Today, McCay’s Little Nemo comics are undergoing a renaissance of sorts. Since they now reside in the public domain, it is not only relatively easy to read Nemo’s brilliant exploits digitally (The Comic Strip Library), but it also means that creators are free to use them, change them, and re-create them to suit their purposes without fear of copyright infringement. As a result, there are plenty of current and upcoming projects that revolve around McCay’s work with Little Nemo.

Examples include: a video game adaptation of Little Nemo has recently wrapped up its (fully funded) campaign on Kickstarter’ Netflix is working on a Slumberland film set to release in 2022 directed by Francis Lawrence and starring Jason Momoa and Marlow Barkley (as a gender-swapped Nemo) and; I have been working as the Principal Investigator of a social media research project, #WelcomeToSlumberland, focused on McCay’s Little Nemo for the better part of two years on Twitter. All this to say that interest in McCay’s Little Dreamer might be at a height unseen since the original publication of the strip or the 1989 Little Nemo: Adventures in Slumberland (Hata, Hurtz) film. 

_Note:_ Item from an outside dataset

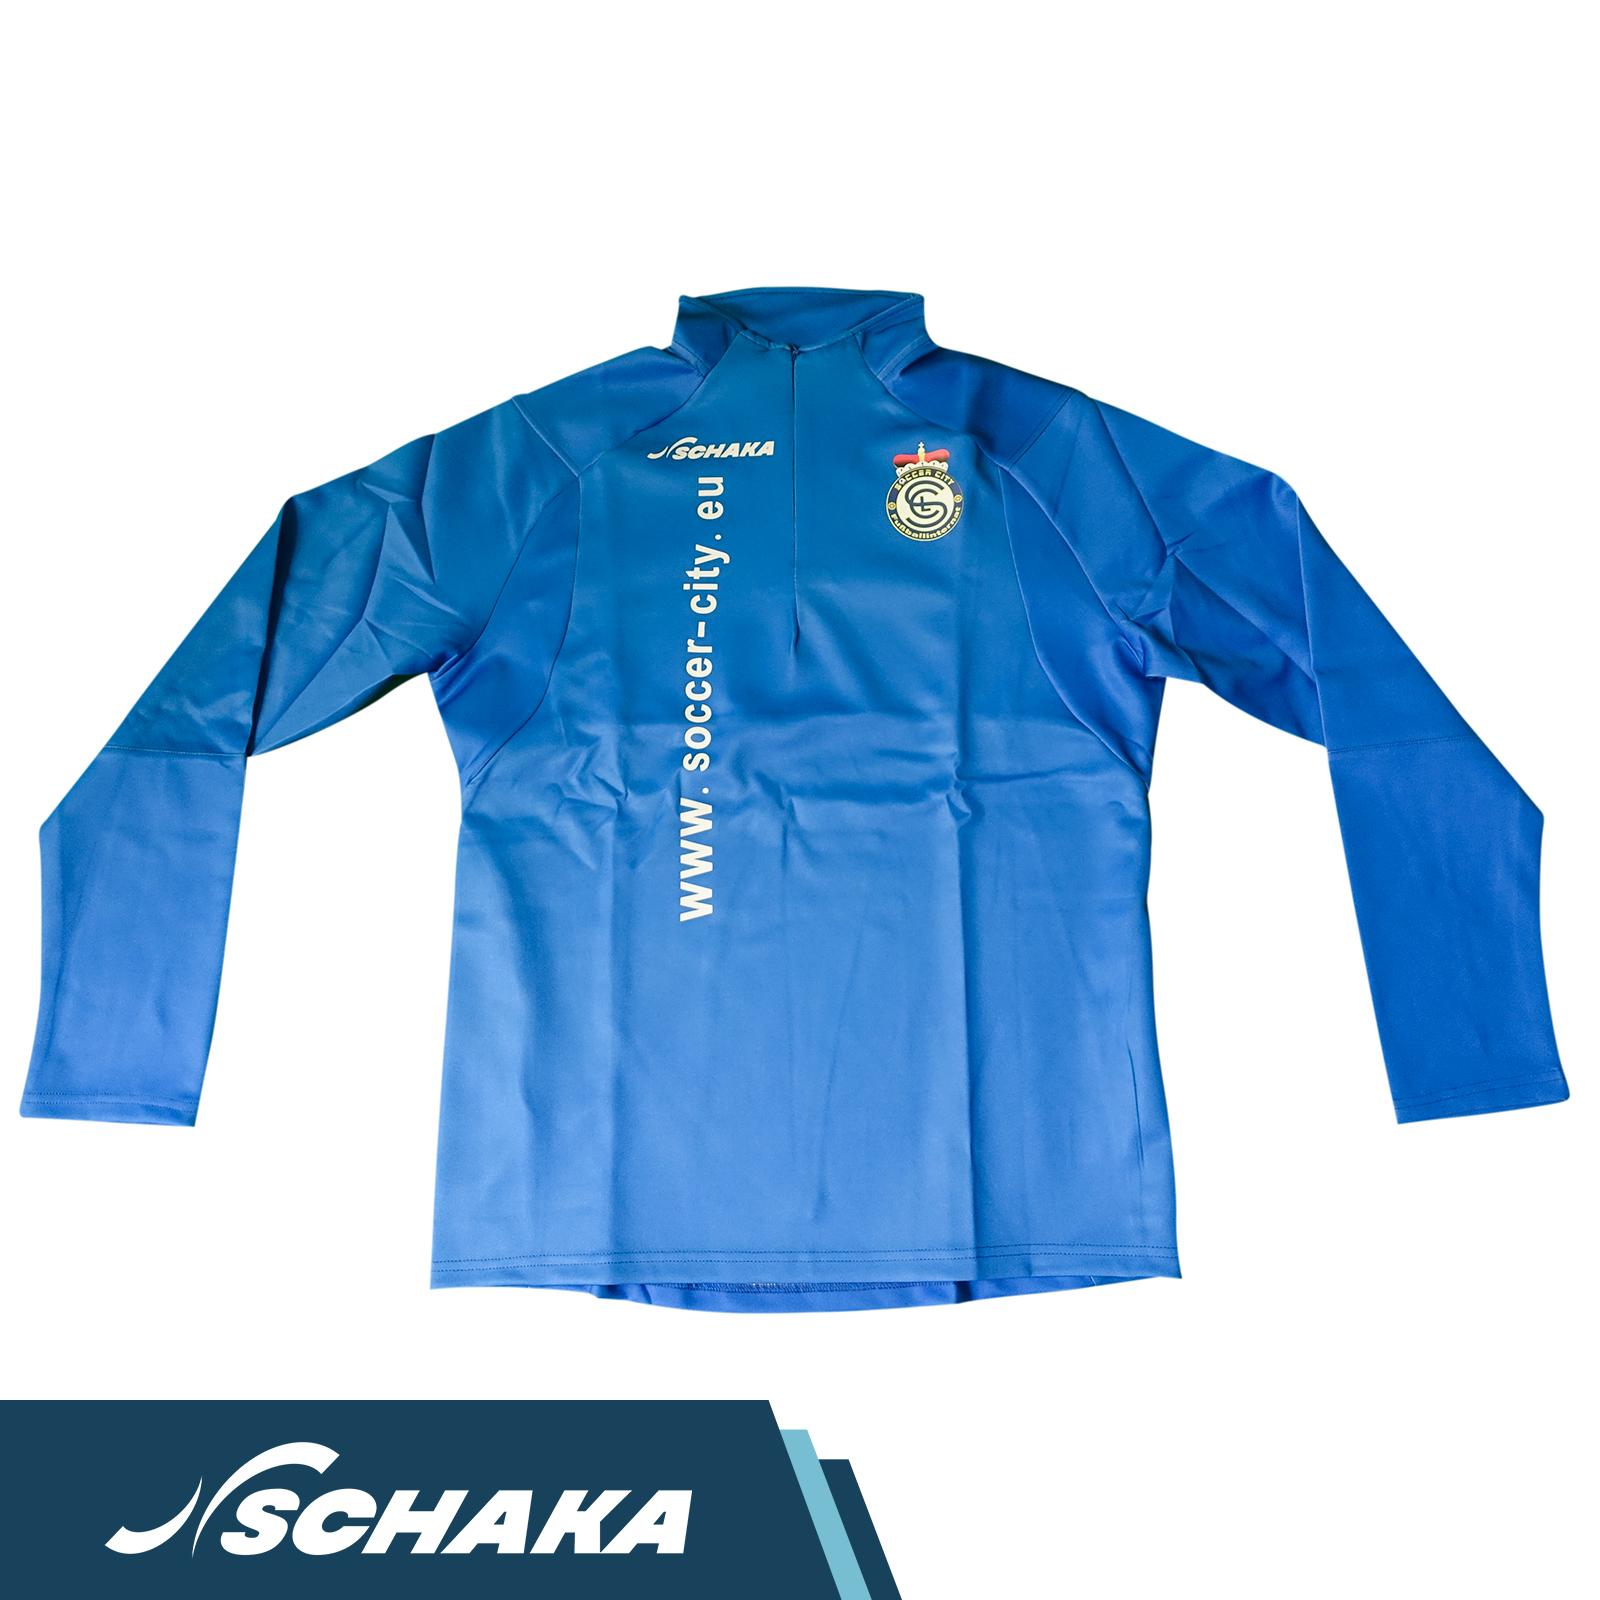 Schaka Zip Top MUA Soccer City Edition

Pé’s Little Nemo: After Winsor McCay deserves to be counted amongst this growing list of properties exploring McCay’s characters and should be recognized for bringing one of comics’ greatest masterpieces before new audiences. While Pé’s offering isn’t the return to Slumberland that I’ve been dreaming about, I am I know there is much more to come. As an ardent fan of McCay’s little dreamer, I intend to continue following Pé’s work with Nemo (and hopefully more of his friends) because, regardless of what I might consider missteps here, there is an unlimited amount of potential when you partner a brilliant comics artist and illustrator, like Pé, with the fantastical world of McCay’s Slumberland. Most of all, I hope that this collection will encourage readers to seek out McCay’s originals works to experience for themselves.